Zheng Deyou, Frankish Adam, Baertsch Robert, Kapranov Philipp, Reymond Alexandre, Choo Siew Woh, Lu Yontao, Denoeud France, Antonarakis Stylianos E, Snyder Michael, Ruan Yijun, Wei Chia-Lin, Gingeras Thomas R, Guigó Roderic, Harrow Jennifer, Gerstein Mark B
Department of Molecular Biophysics and Biochemistry, Yale University, New Haven, Connecticut 06520, USA.
Genome Res. 2007 Jun;17(6):839-51. doi: 10.1101/gr.5586307.

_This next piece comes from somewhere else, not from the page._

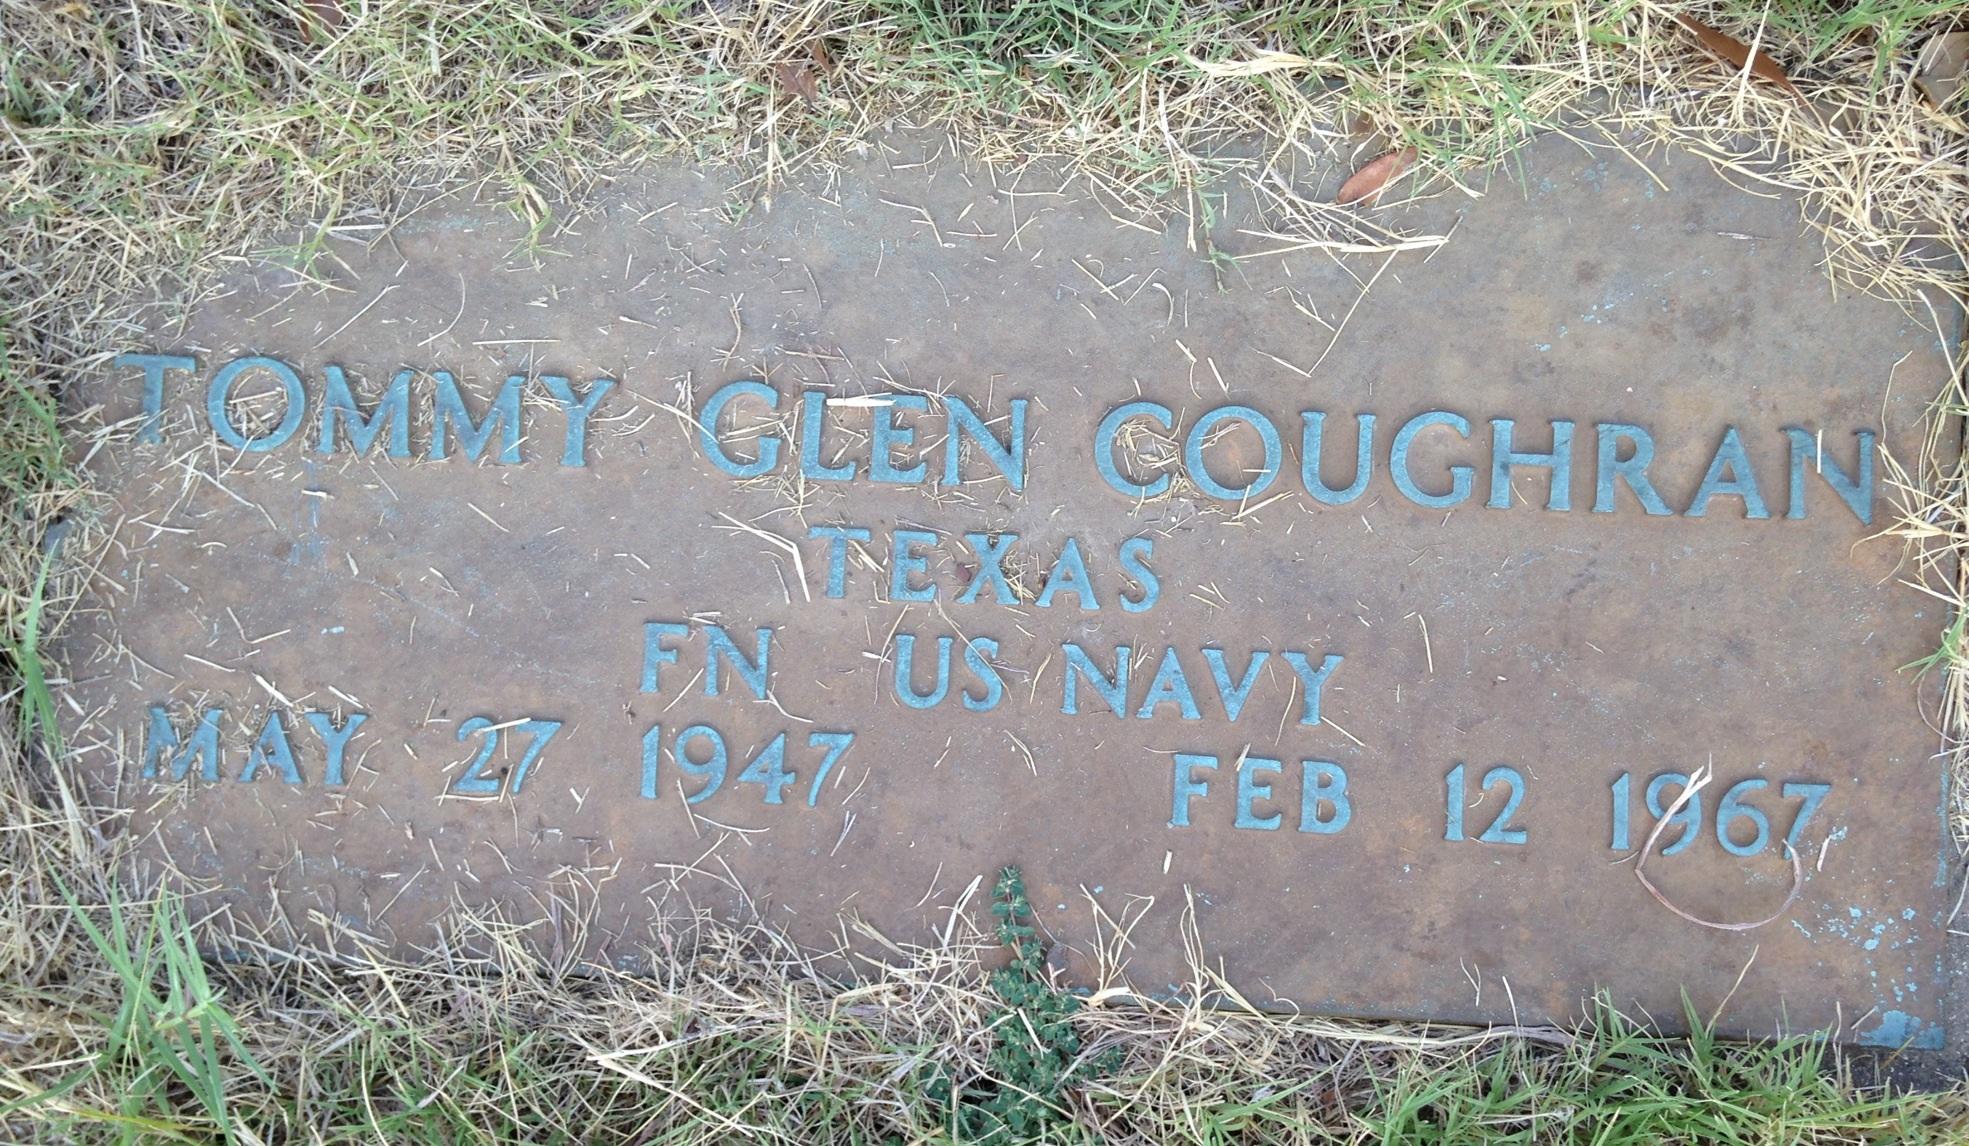 Tommy Glenn Coughran
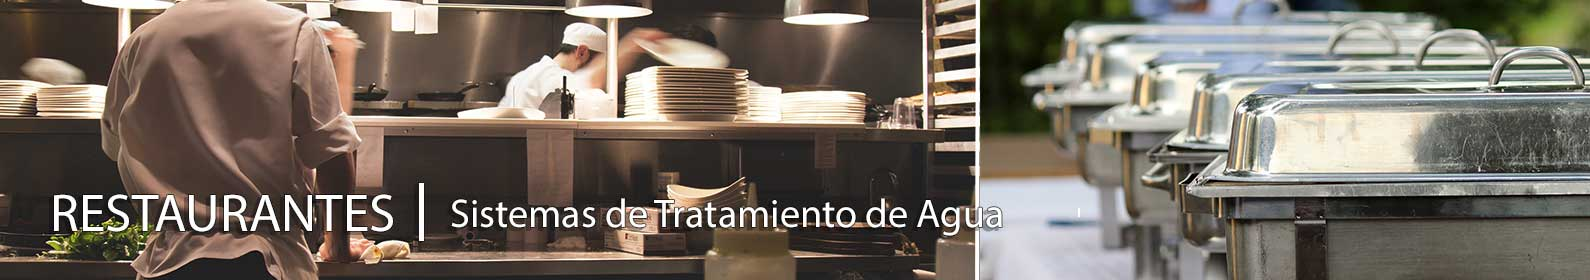 sistemas-de-tratamiento-de-agua-restaurantes..jpg

Arising from either retrotransposition or genomic duplication of functional genes, pseudogenes are "genomic fossils" valuable for exploring the dynamics and evolution of genes and genomes. Pseudogene identification is an important problem in computational genomics, and is also critical for obtaining an accurate picture of a genome's structure and function. However, no consensus computational scheme for defining and detecting pseudogenes has been developed thus far. As part of the ENCyclopedia Of DNA Elements (ENCODE) project, we have compared several distinct pseudogene annotation strategies and found that different approaches and parameters often resulted in rather distinct sets of pseudogenes. We subsequently developed a consensus approach for annotating pseudogenes (derived from protein coding genes) in the ENCODE regions, resulting in 201 pseudogenes, two-thirds of which originated from retrotransposition. A survey of orthologs for these pseudogenes in 28 vertebrate genomes showed that a significant fraction ( approximately 80%) of the processed pseudogenes are primate-specific sequences, highlighting the increasing retrotransposition activity in primates. Analysis of sequence conservation and variation also demonstrated that most pseudogenes evolve neutrally, and processed pseudogenes appear to have lost their coding potential immediately or soon after their emergence. In order to explore the functional implication of pseudogene prevalence, we have extensively examined the transcriptional activity of the ENCODE pseudogenes. We performed systematic series of pseudogene-specific RACE analyses. These, together with complementary evidence derived from tiling microarrays and high throughput sequencing, demonstrated that at least a fifth of the 201 pseudogenes are transcribed in one or more cell lines or tissues.
假基因源于功能基因的逆转座或基因组复制,是探索基因和基因组动态变化及进化的“基因组化石”。假基因识别是计算基因组学中的一个重要问题,对于准确了解基因组的结构和功能也至关重要。然而,目前尚未开发出用于定义和检测假基因的共识计算方案。作为DNA元件百科全书(ENCODE)项目的一部分,我们比较了几种不同的假基因注释策略,发现不同的方法和参数常常会导致截然不同的假基因集。随后,我们开发了一种用于注释ENCODE区域中(源自蛋白质编码基因的)假基因的共识方法,共得到201个假基因,其中三分之二源自逆转座。对28种脊椎动物基因组中这些假基因的直系同源基因进行的调查显示,相当一部分(约80%)加工假基因是灵长类特有的序列,这突出了灵长类动物中不断增加的逆转座活性。对序列保守性和变异性的分析还表明,大多数假基因呈中性进化,加工假基因似乎在出现后立即或很快就失去了编码潜力。为了探索假基因普遍存在的功能意义,我们广泛研究了ENCODE假基因的转录活性。我们进行了一系列系统的假基因特异性RACE分析。这些分析以及来自平铺微阵列和高通量测序的补充证据表明,在这201个假基因中,至少五分之一在一种或多种细胞系或组织中被转录。